[Exercise objective]:
Leaving out all pictures, write down exactly the lines from the one containing "FI Tuner Pro for Suzuki and Kawasaki" through the last line of the material.

══ Recorded data

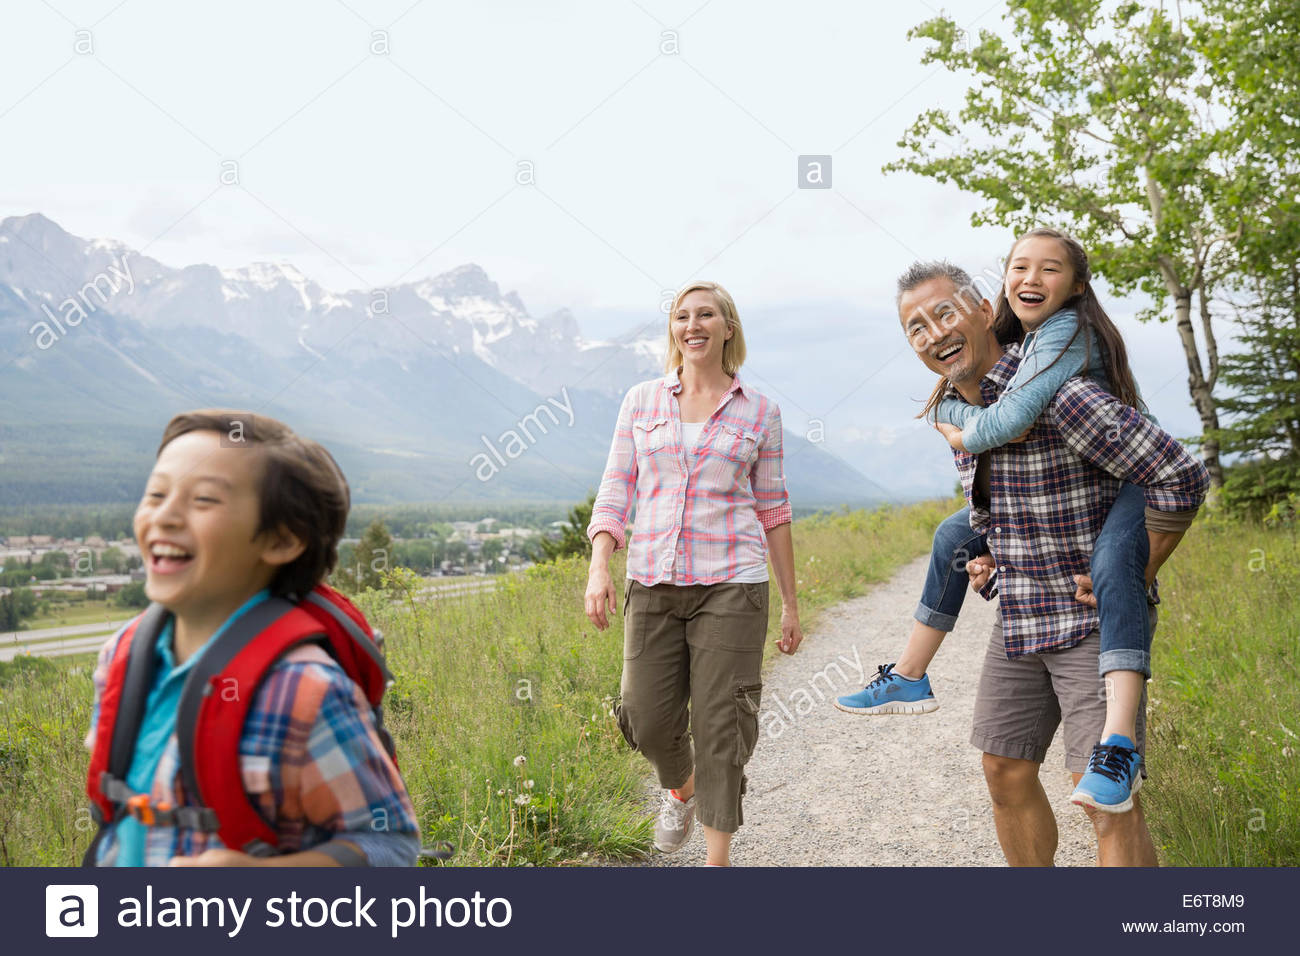 Padres e hija caminando en el sendero de tierra Imagen De Stock
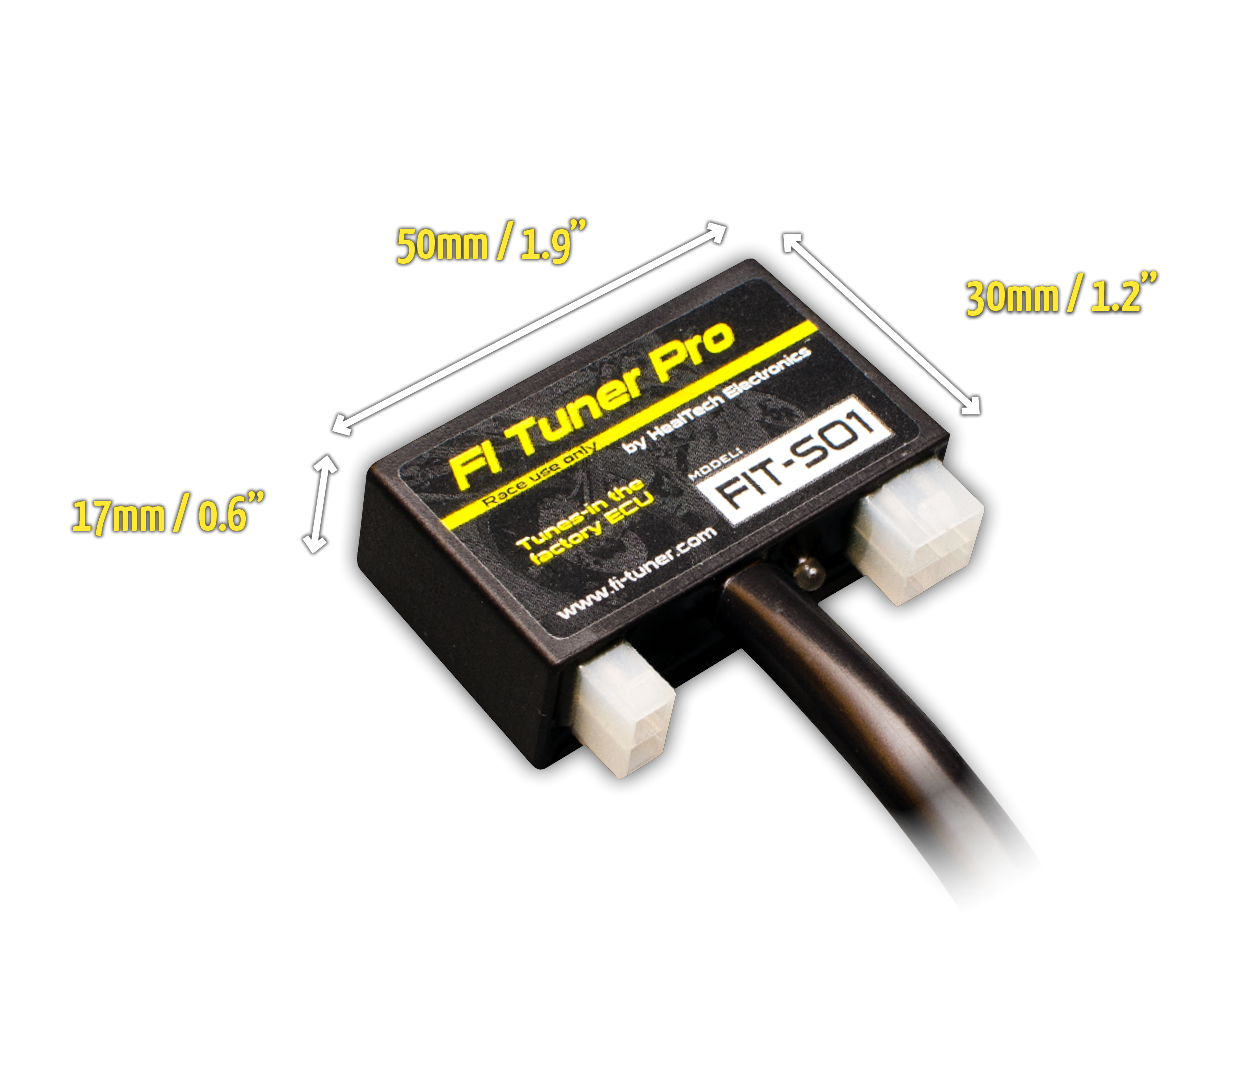 FI Tuner Pro for Suzuki and Kawasaki
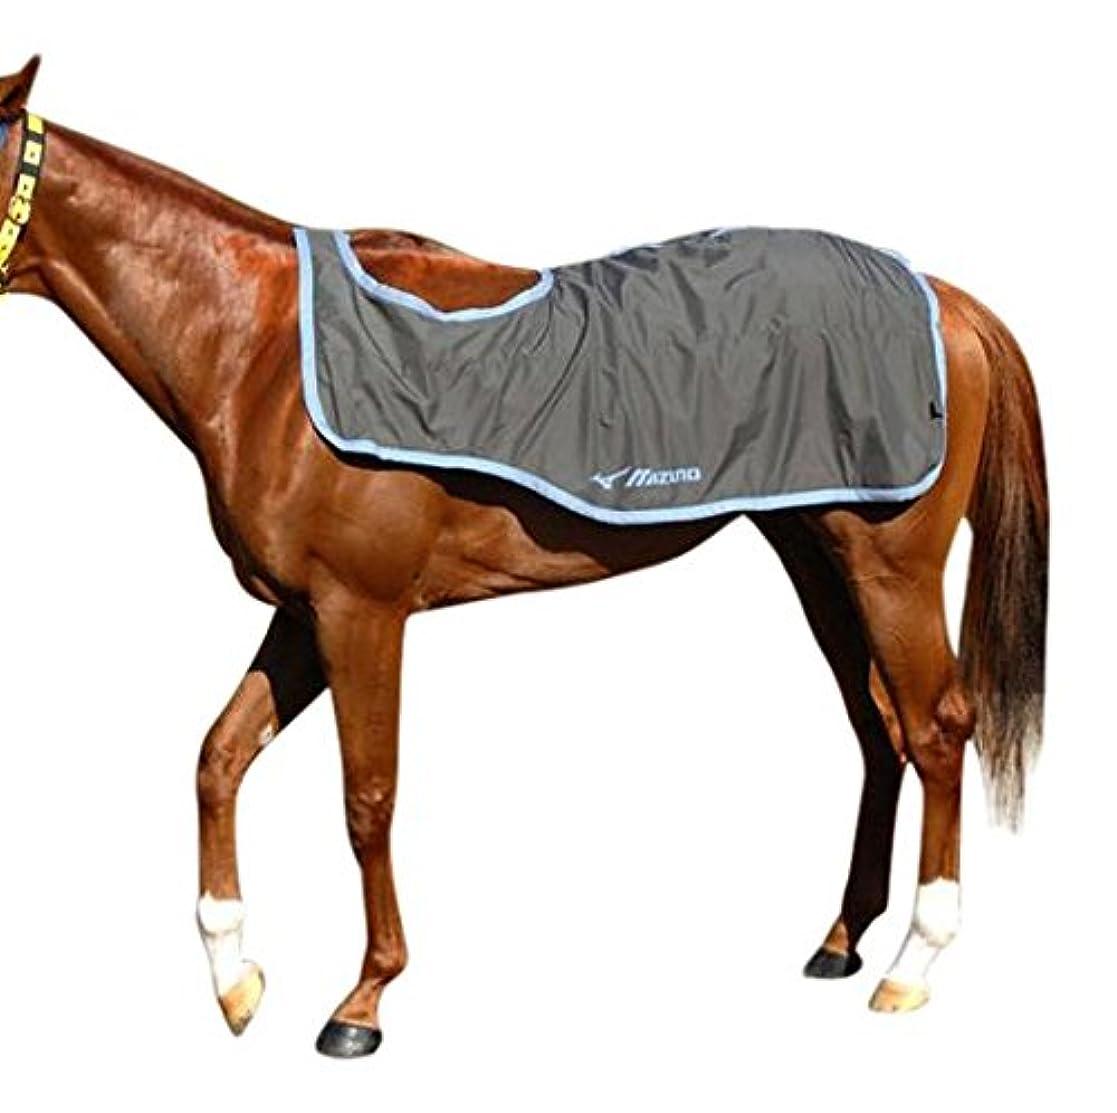 メタリック山岳ハンディMIZUNO(ミズノ) 馬着 ペルグテックEX/雨用エクササイズラグ(乗馬用) 32JT5G23

════

[Response to the exercise]:
 FI Tuner Pro for Suzuki and Kawasaki
 メタリック山岳ハンディMIZUNO(ミズノ) 馬着 ペルグテックEX/雨用エクササイズラグ(乗馬用) 32JT5G23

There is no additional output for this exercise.